[Detection specificity of an optimal solid-phase enzyme immunoassay for Pseudomonas aeruginosa and Pseudomonas mallei].

The evaluation and application of an enzyme-immunoassay (EIA) for the detection of Pseudomonas (Ps.) aeruginosa and Ps. mallei is described. Polystyrene beads (1/4'') as the solid-phase are prepared by coating the balls with purified IgG from the serum of rabbits (9-12 micrograms/bead) in Coating-Buffer pH 9.6. After washing the balls they are saturated with 10% BSA or 10% FCS in PBS-Tween 20. The bacteria bound to the coated balls are detected by the specific peroxidase labelled IgG. This EIA using Ps. aeruginosa (P9) as a model is able to detect this bacterium within 5 hours, with stored coated balls 3.5 hours, with a detection limit of 10(4) CFU. Nine Pseudomonas-strains react stronger than other strains. These cross-reactions can be substantially reduced by absorbing the P9-conjugate with the cells of Ps. stutzeri (P15). With the other Pseudomonas-strains a high specificity is found with the P9-conjugate.
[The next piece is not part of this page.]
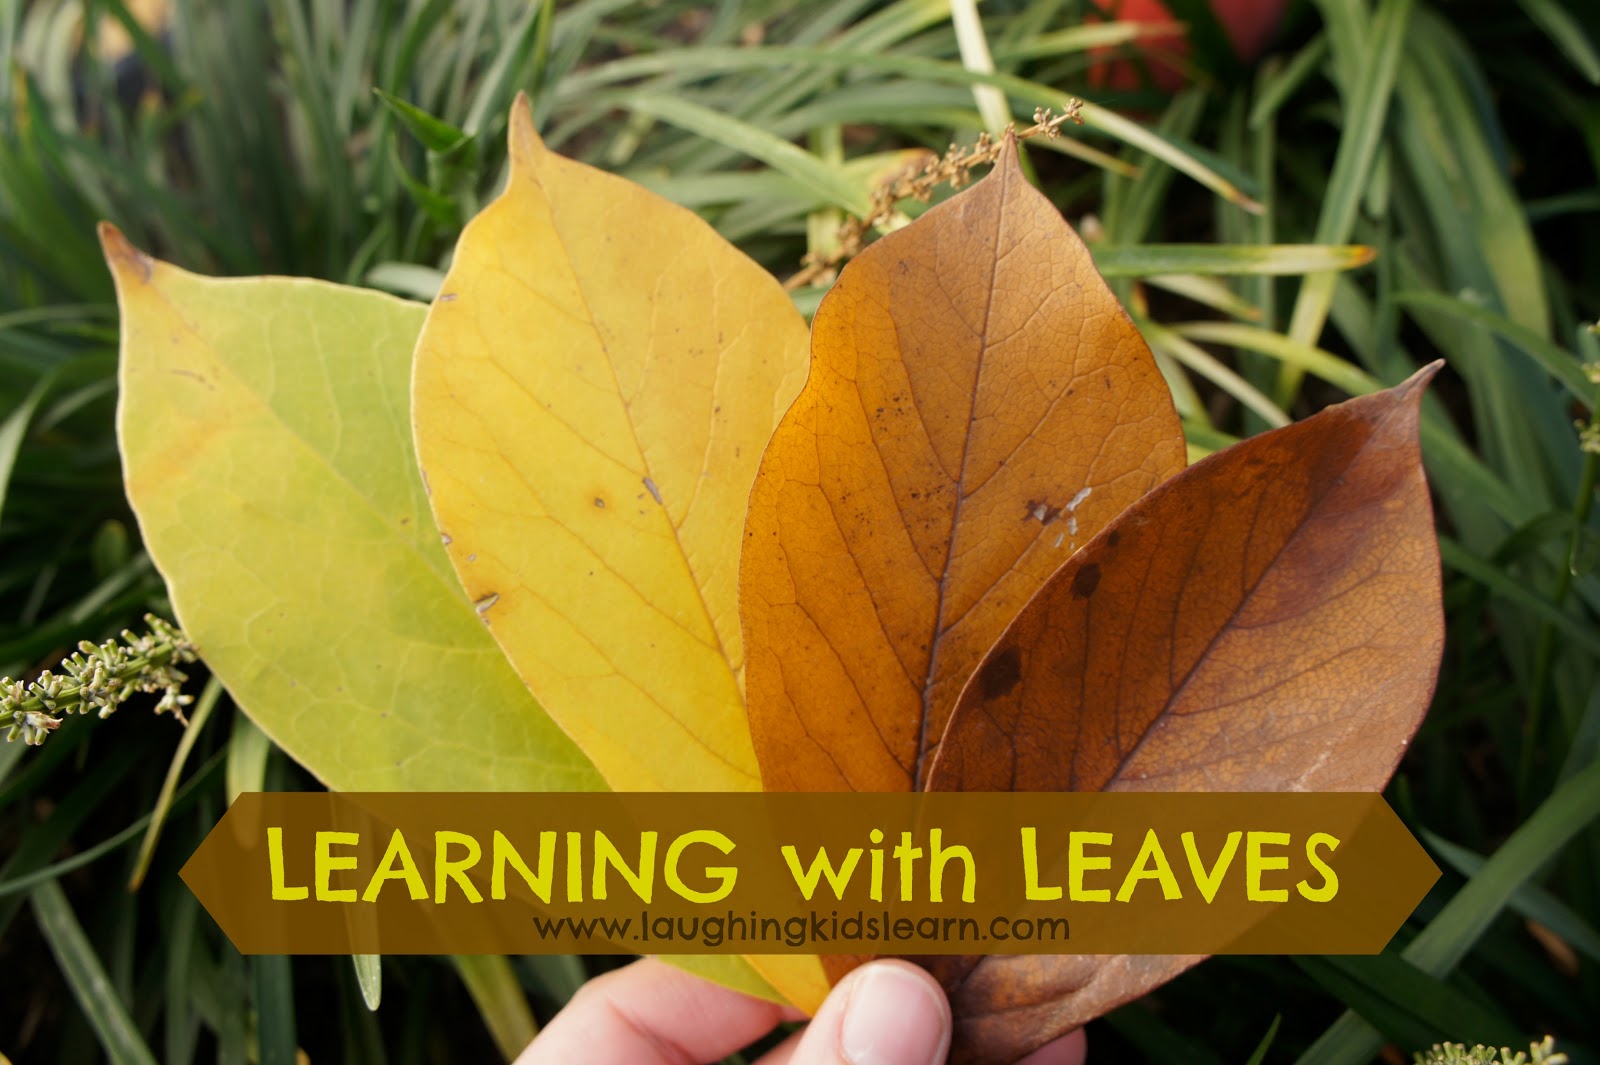 Learning with Leaves Laughing Kids Learn
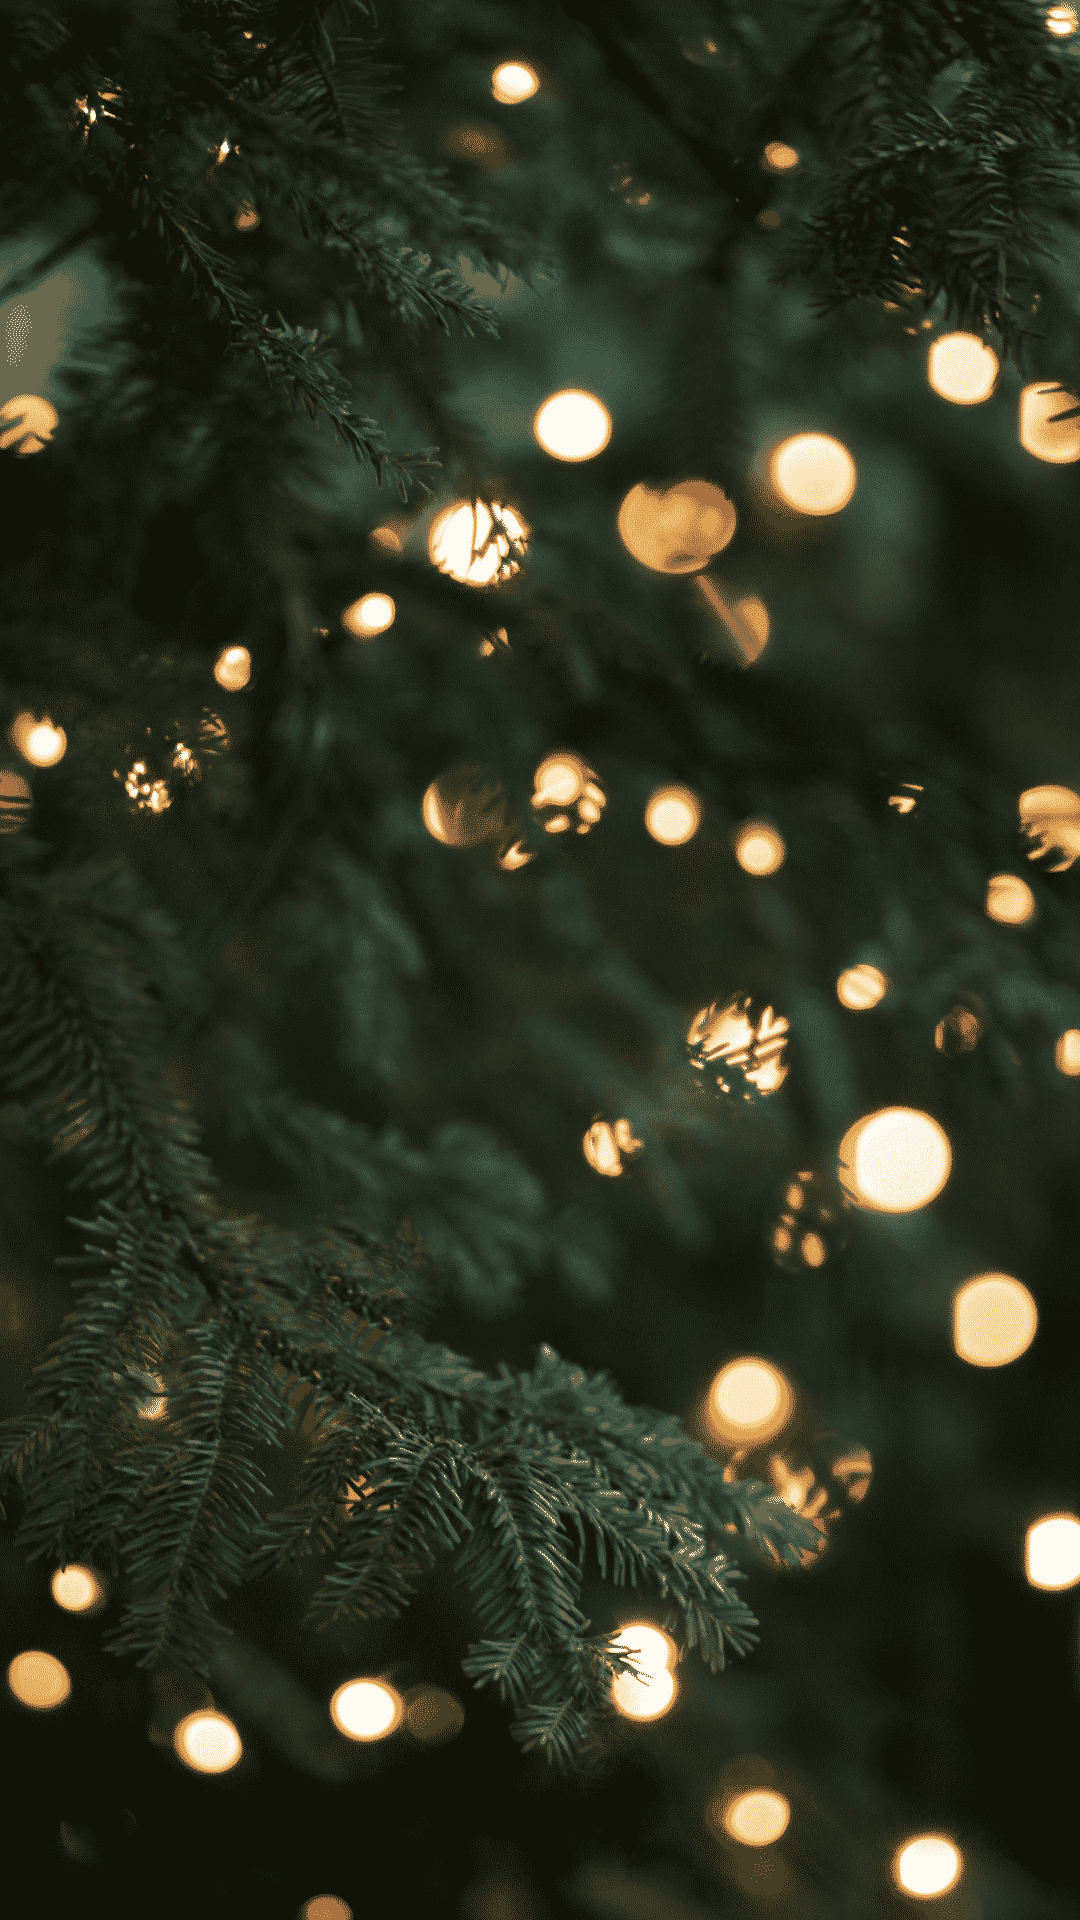 A close up of a Christmas tree with fairy lights. - Christmas, Christmas lights, cute Christmas, December, warm, fairy lights

After modifying this EIA for the detection of Ps. mallei (P18) the strains Ps. mallei (P57), Ps. pseudomallei (P17) and Ps. cepacia (P67) react with the P18-conjugate. With the other tested strains a high specificity is found at 10(7) CFU. The polystyrene bead-EIA is recommended as a sensitive and specific test for the detection of Ps. aeruginosa in about 5 resp. 3.5 hours. It only requires normal laboratory equipment and is thus a highly practicable method for routine diagnostic of Ps. aeruginosa.